Chronic kidney disease (CKD) is a growing public health concern worldwide, considering that individuals with CKD are at increased risk for end-stage renal disease as well as for cardiovascular diseases and premature death (1–3). For the purpose of improvement of prognosis and cost-effectiveness, aggressive prevention and early detection is imperative as a global approach to CKD (4).

In Japan, a nationwide health screening program was begun in order to control lifestyle-related diseases, particularly metabolic syndrome in 2008 (5). Results of previous studies showed that use of dipstick urinalysis to detect proteinuria but was inadequate in the routine screening for the detection of early stage CKD due to insufficient sensitivity and specificity (6). In the general population, screening combined with serum concentrations of creatinine or other biomarkers is therefore likely to be appropriate and cost-effective for the stratification of high-risk individuals (7). Identification of genetic variants that confer susceptibility to CKD may thus be important in determining which patients are recommended for frequent checkup.

Mounting evidence indicates that hypertension, diabetes mellitus, and dyslipidemia are major risk factors for the development and progression of CKD (8–11). In addition to these conventional risk factors, genetic epidemiological studies have demonstrated that genetic factors are key in the development of CKD in the general population (12,13). Although recent genome-wide association studies (GWASs) identified various loci and genes indicating a predisposition to CKD (14,15), the genes that contribute to genetic susceptibility to CKD in Japanese individuals remain to be identified definitively.

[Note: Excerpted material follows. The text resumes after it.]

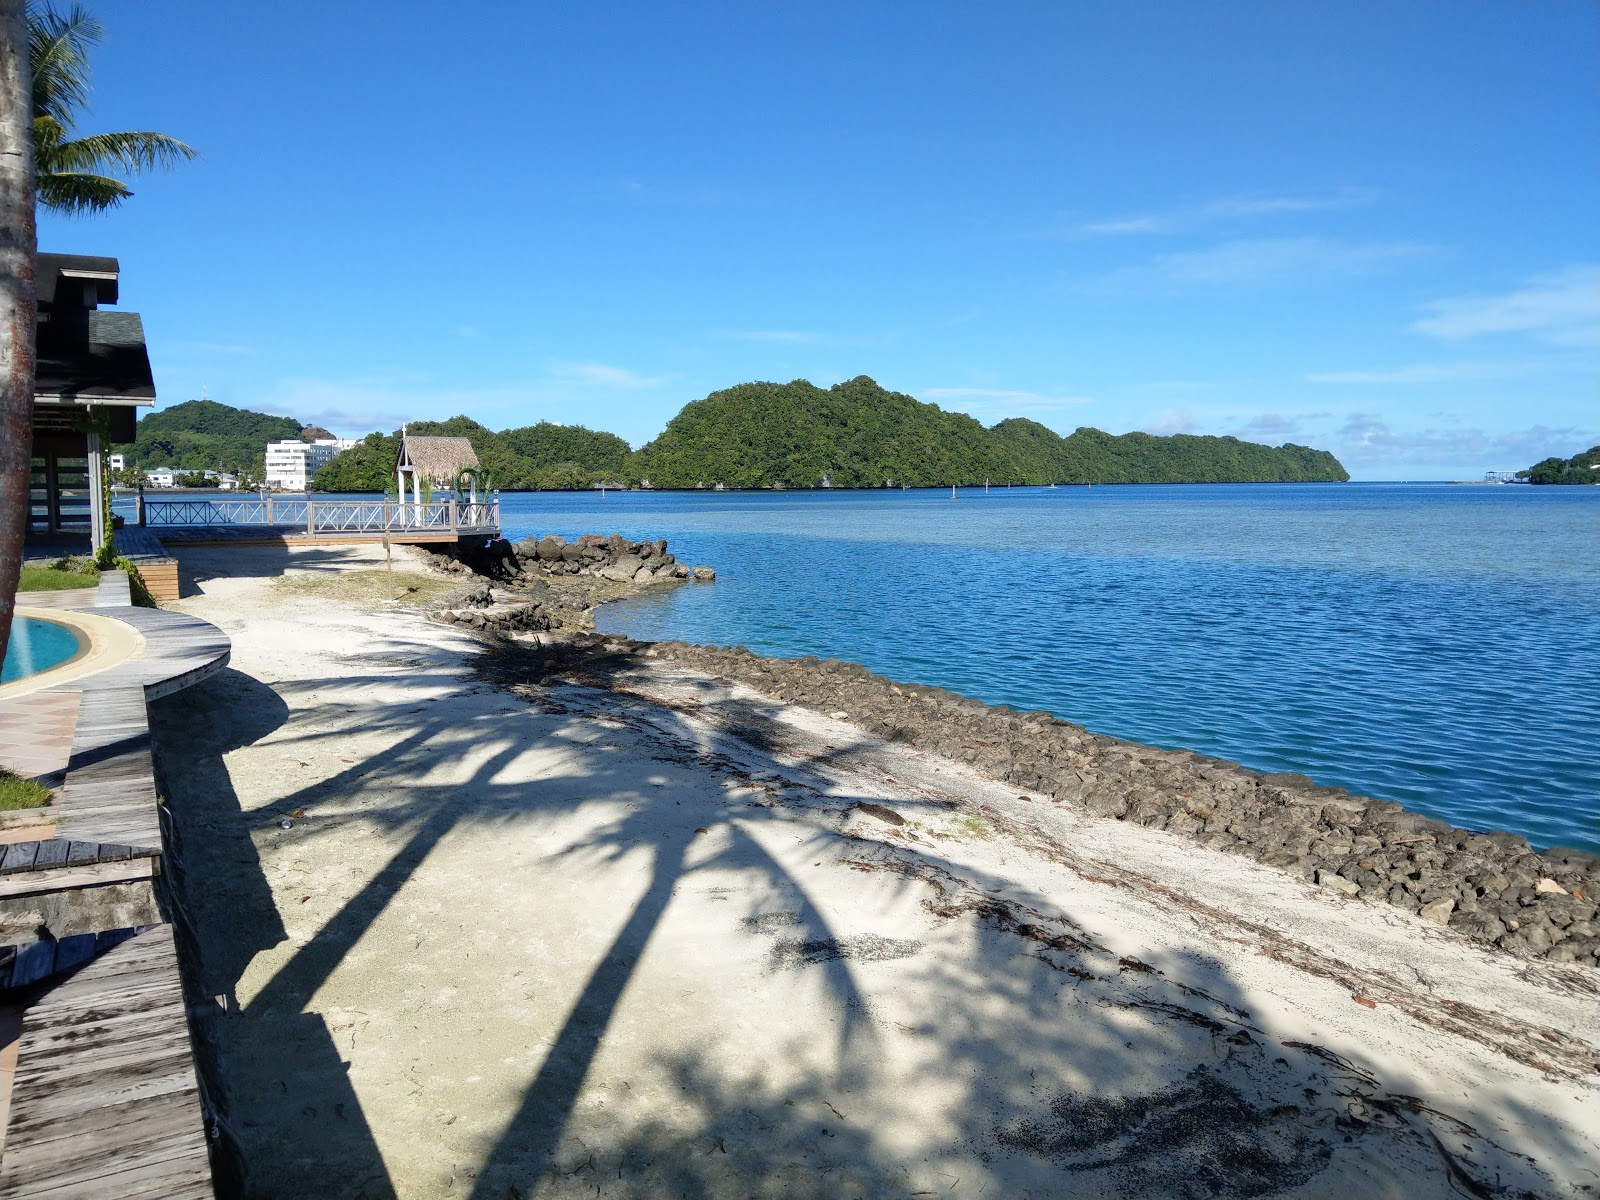 Foto af Paradise Island Resort med rummelig kyst
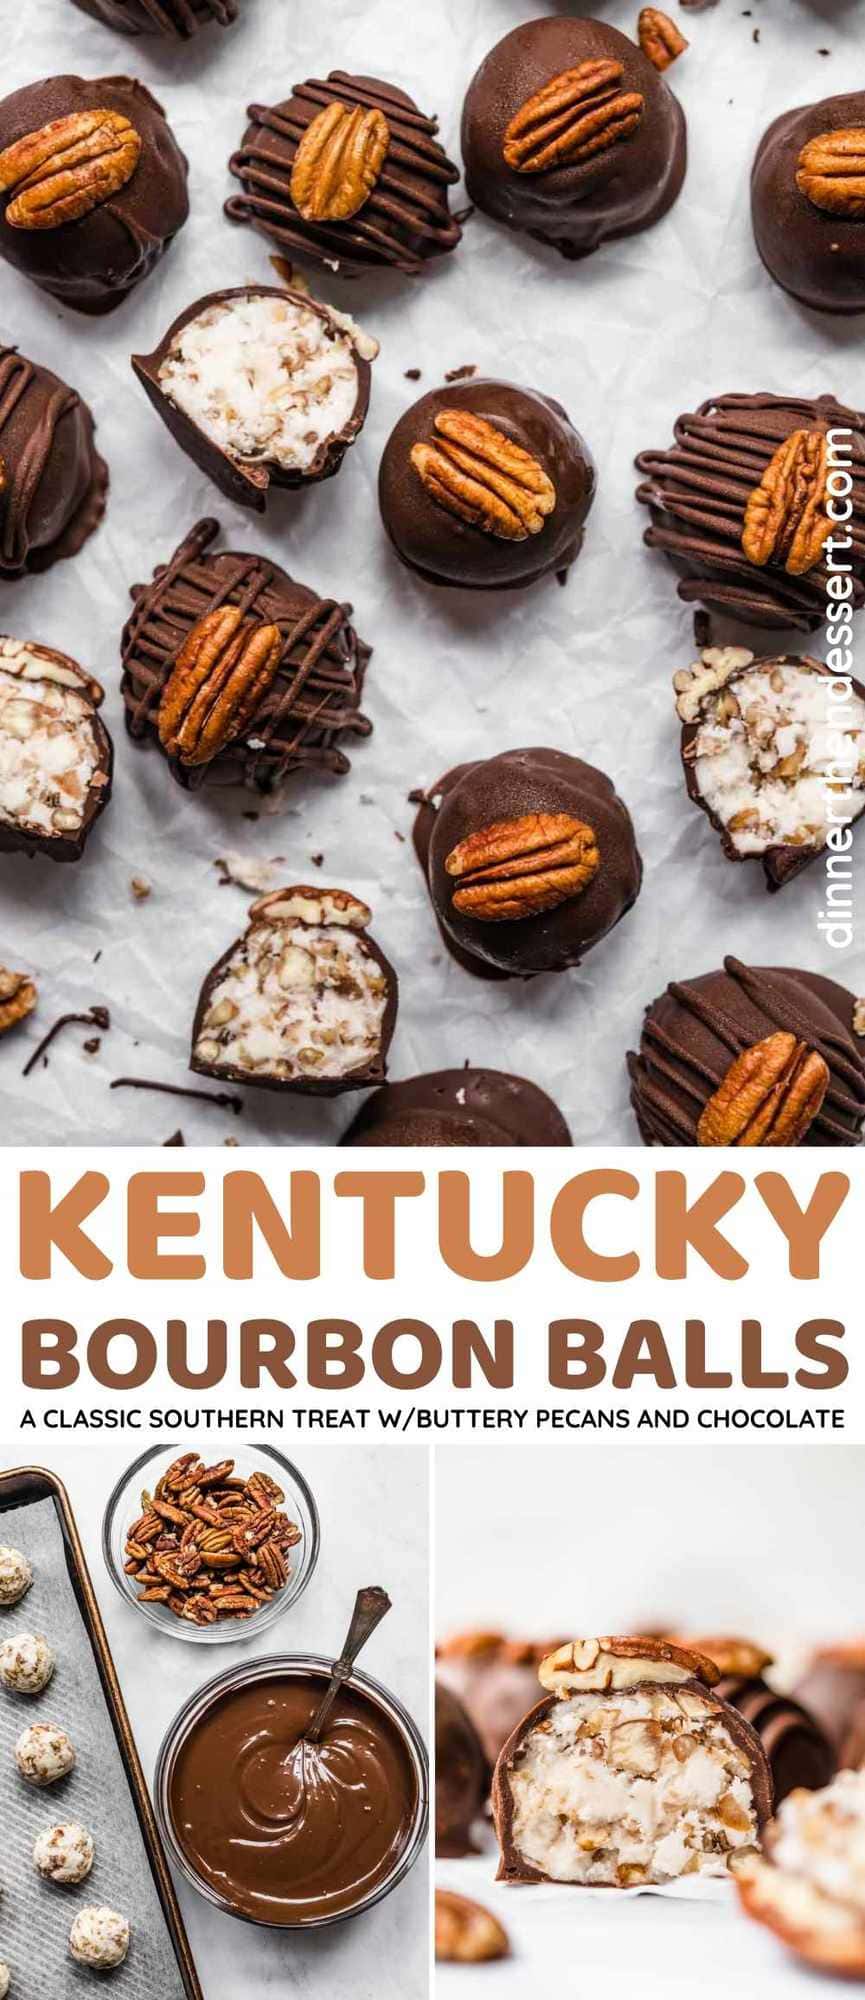 https://dinnerthendessert.com/wp-content/uploads/2021/01/Kentucky-Bourbon-Balls-L.jpg

In a recent study, we showed that the C→T polymorphism (rs6929846) in the butyrophilin, subfamily 2, member A1 gene (BTN2A1) was significantly associated with myocardial infarction in Japanese individuals by a GWAS (16). Since CKD is considered an important risk factor for coronary heart disease, we hypothesized that the association of rs6929846 of BTN2A1 with myocardial infarction might be partially attributable to its effects on susceptibility to CKD. Therefore, an association study for rs6929846 of BTN2A1 and CKD was performed in community-dwelling Japanese individuals to provide a basis for the personalized prevention of this condition.

Materials and methods

Study population

The study population comprising 1,709 community-dwelling Japanese individuals (435 subjects with CKD and 1,274 controls) were recruited to a population-based cohort study in Inabe City (Mie Prefecture, Japan) during the period of March 2010 and September 2012.

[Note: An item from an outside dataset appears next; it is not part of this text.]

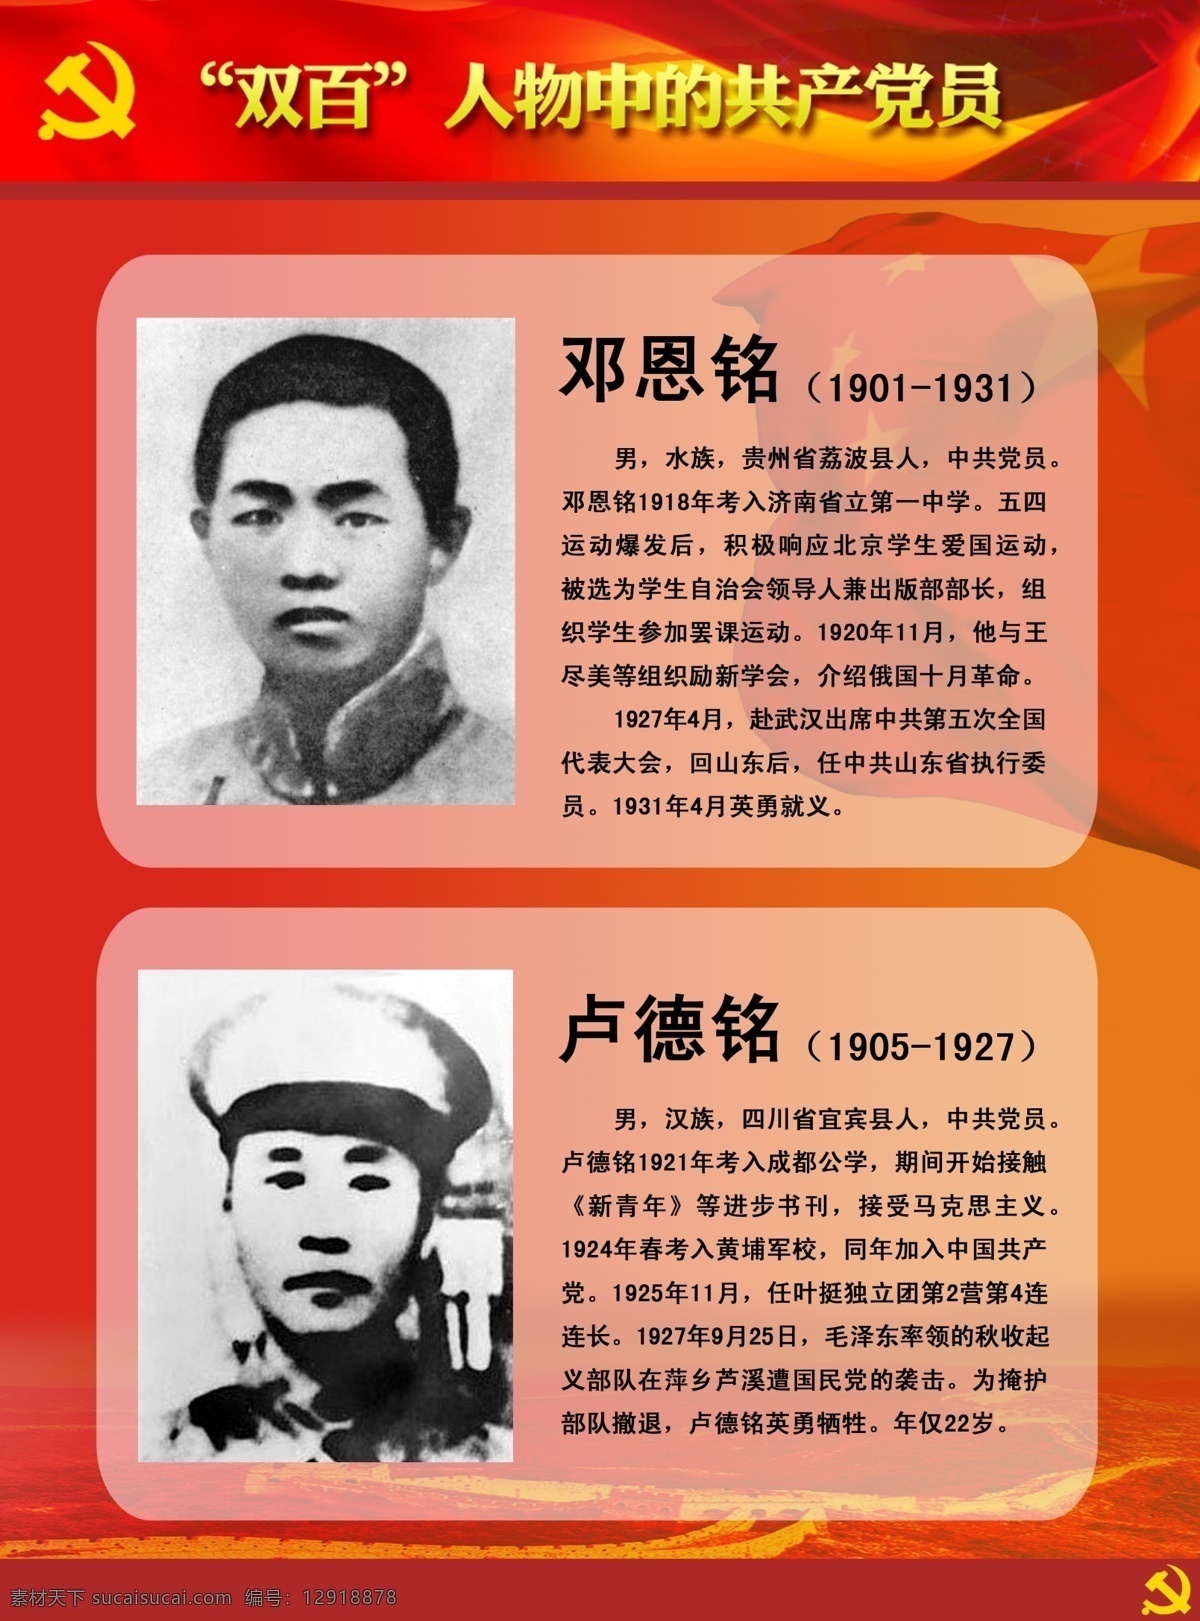 双百人物展板 双百 人物 中 共产党员 邓恩铭 卢德铭 英雄人物 牺牲 英雄 展板模板 广告设计模板 源文件

Estimated glomerular filtration rate (eGFR) was calculated with the use of the simplified prediction equation derived from the modified version of that described in the Modification of Diet in Renal Disease (MDRD) study as proposed by the Japanese Society of Nephrology (17): eGFR (ml/min per 1.73 m2) = 194 × [age (years)]−0.287 × [serum creatinine (mg/dl)]−1.094 × [0.739 if female]. The National Kidney Foundation-Kidney Disease Outcomes Quality Initiative guidelines recommend a diagnosis of CKD if eGFR is <60 ml/min per 1.73 m2(18). On the basis of this criterion, 435 subjects (288 males and 147 females) were diagnosed with CKD. The control subjects comprised 1,274 individuals (625 males and 649 females) whose eGFR was ≥90 ml/min per 1.73 m2. Control individuals had no renal disease or major health problems. Subjects with CKD and controls had or did not have conventional risk factors for CKD, including hypertension (systolic blood pressure of ≥140 mmHg, diastolic blood pressure of ≥90 mmHg, or taking antihypertensive medication), diabetes mellitus (fasting plasma glucose of ≥6.93 mmol/l, blood hemoglobin A1c content of ≥6.9%, or taking antidiabetes medication) or dyslipidemia (a serum concentration of triglycerides of ≥1.65 mmol/l, a serum high-density lipoprotein (HDL)-cholesterol of <1.04 mmol/l, a serum low-density lipoprotein (LDL)-cholesterol of ≥3.64 mmol/l or had taken antidyslipidemic medication).

The study protocol complied with the Declaration of Helsinki and was approved by the ethics committees of Human Research of Mie University Graduate School of Medicine and Inabe General Hospital. Written informed consent was obtained from each subject.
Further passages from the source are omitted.